Потом Николай Платонович заболел. Доктор его выслушал. "Крупозная пневмония", - говорит. Базыкнн бредит, горит весь, несмотря на холод. Стонет иногда: "Шурочка!" Я вырвал доску из стены, стал бить ею в дверь. Прибежал сержант. "Маляд, - кричу, - маляд у нас... Давай переводчика!" Прибежал переводчик. Мы все кричим: "Маляд", "Доктора!", "В лазарет..." Все напрасно. Только кипятку стали давать и котелок водяного супа принесли. Я лег рядом с Базыкиным, чтобы хоть как-нибудь согреть его. На четвертый или на пятый день Прохватилов замолчал. Он так опух, что у него из глаз текла вода.

- Засни! - сказал Андрей. - Не надо больше рассказывать. Засни, Матюша.

- А раз Егоров говорит, - не слушая Андрея, продолжал Жемчужный: "Товарищи, давайте рассказывать друг другу свою жизнь. Я начну первый". Это он хорошо выдумал. Иной раз и не слушаешь, только голос жужжит. А легче. Прошло еще сколько-то дней. Егоров мне вдруг говорит: "Ну, Жемчужный... У меня тиф". "Как ты определил?" "Определил! Но ты, если выйдешь отсюда живой, передай Чеснокову, всем, кого увидишь, что я до последней минуты думал о них... Мое завещание - бороться до победы.

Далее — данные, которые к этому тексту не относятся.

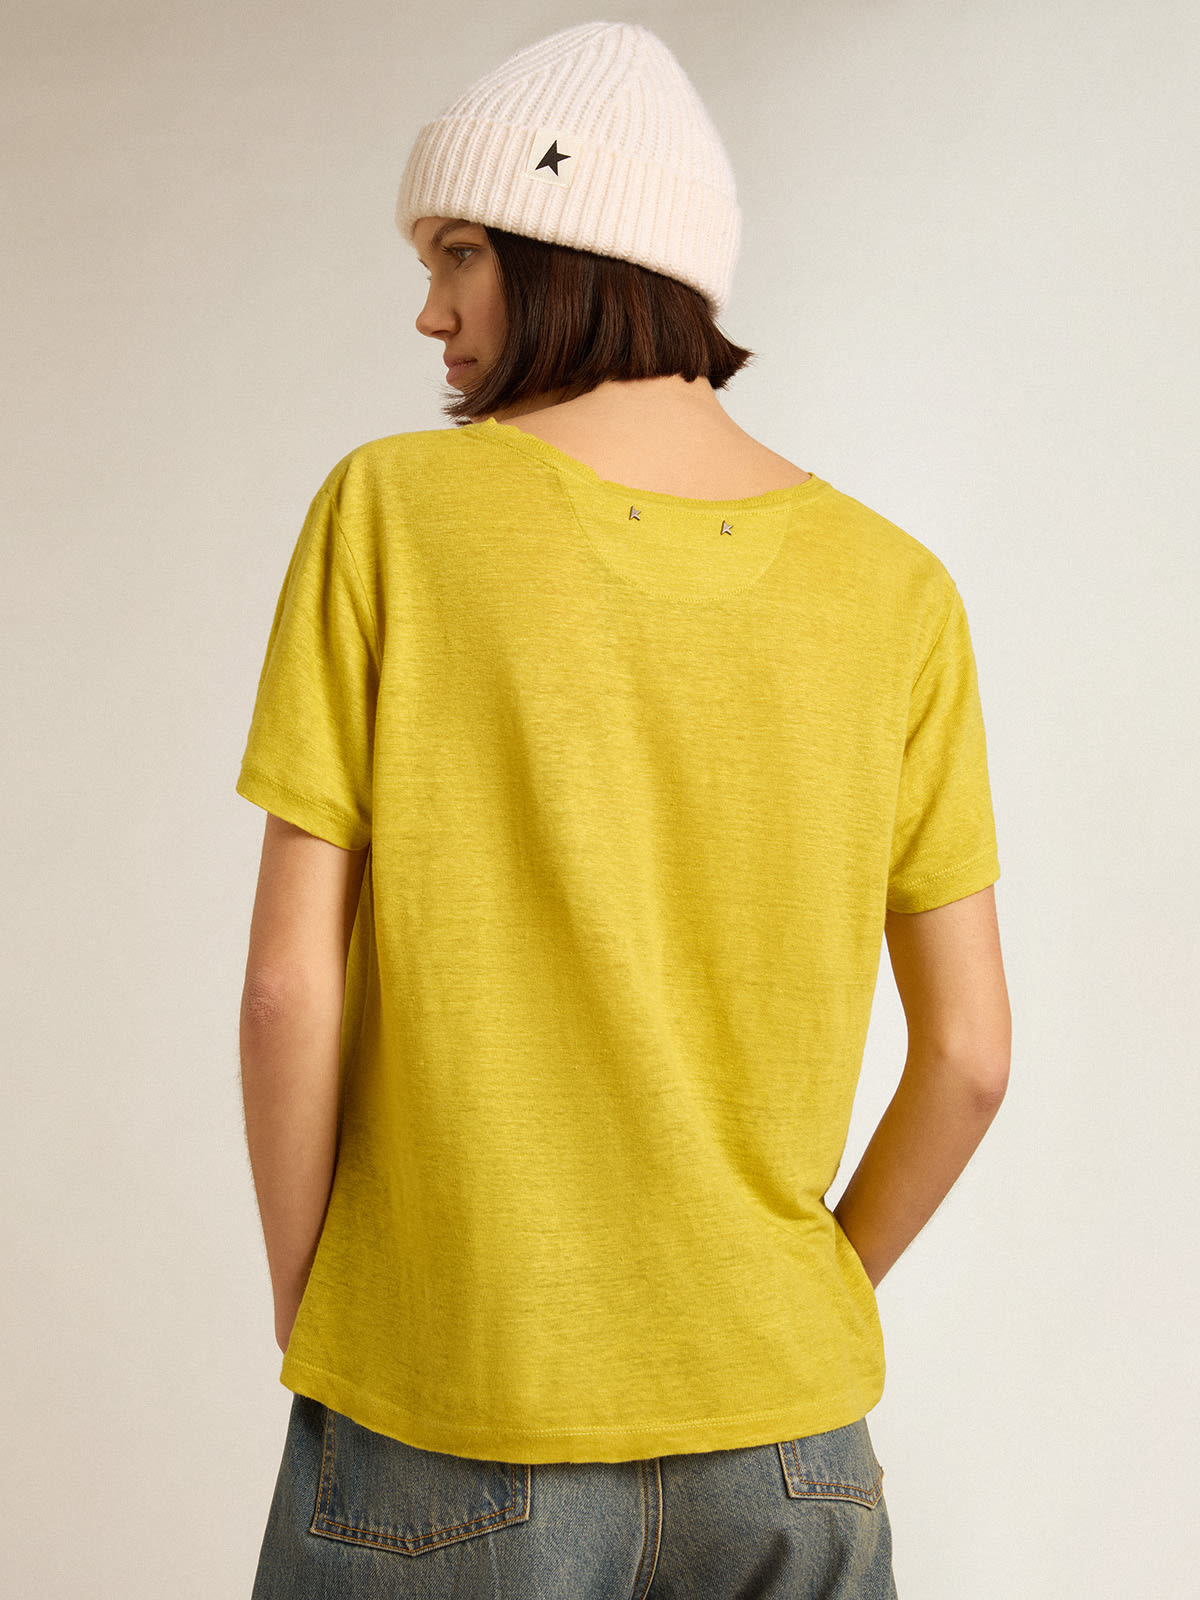 Golden Goose - Women’s T-shirt in maize-yellow linen in

Дай воды". Дал я ему воду. "Матвей, Павлина видишь? Вон идет..." Я понимаю, что он бредит. "Вижу", говорю. А он весь встрепенулся, зовет его: "Павлин, Павлин!.." А то Чеснокова зовет или Потылихина. Кричит. "Скорее к нам, Максимыч!"

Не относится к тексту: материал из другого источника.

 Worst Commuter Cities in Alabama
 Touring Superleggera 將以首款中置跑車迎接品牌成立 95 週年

- Не надо больше, Матюша! - вскакивая с койки, умоляюще сказал Андрей. - Не надо! Я прошу тебя. Смотри, как ты дрожишь.

- Нет, надо! - содрогнувшись всем телом, но твердо сказал боцман. Надо! Я могу умереть! Надо, чтоб знали!

Андрей присел к нему на койку и обнял его за плечи.

- Егоров очнулся. "Пусть, - говорит, - доктору носилки принесут и похоронят честь честью. Это я поручаю тебе, Жемчужный... А красное знамя мы потом принесем". И опять впал в бессознание. Тут пришла посмотреть на нас комиссия. Американцы, англичане! С фонарями электрическими. Кто-то спросил: "А где шенкурский председатель?" Лейтенант Бо показал. Егоров открыл глаза. Лейтенант Бо усмехнулся и что-то сказал своим. Они посмеялись и ушли. Тогда Базыкин сказал мне: "Знаешь, чего они смеялись? Надеются, что теперь мы будем сговорчивее. Пардону запросим". А я ему ответил: "Нет, дудки! Не дождутся..."

- И знаешь, какую еще пытку придумали?.. Поставили в карцер железную печурку, натопили ее жарко. Мы обрадовались... И вдруг с оттаявшего потолка полился дождь, отсырели стены. Одежда мгновенно вымокла. Пришлось ее снять, выжать. Но вот печка остывает, и снова леденящий холод. Рубашка, брюки - все превратилось в ледяной саван... от жары к холоду - это было такое мученье, Андрюха... Даже я не выдержал и закричал: "Да когда же придет смерть! Больше нет сил!".

Жемчужный закрыл глаза. Андрей вскочил с койки и подал ему кружку с чаем.

- Нет, сейчас не могу, Андрюша, - прошептал боцман. - Душа не принимает. Однако ничего! Мы с тобой еще поживем! Больше не могу говорить. Устал...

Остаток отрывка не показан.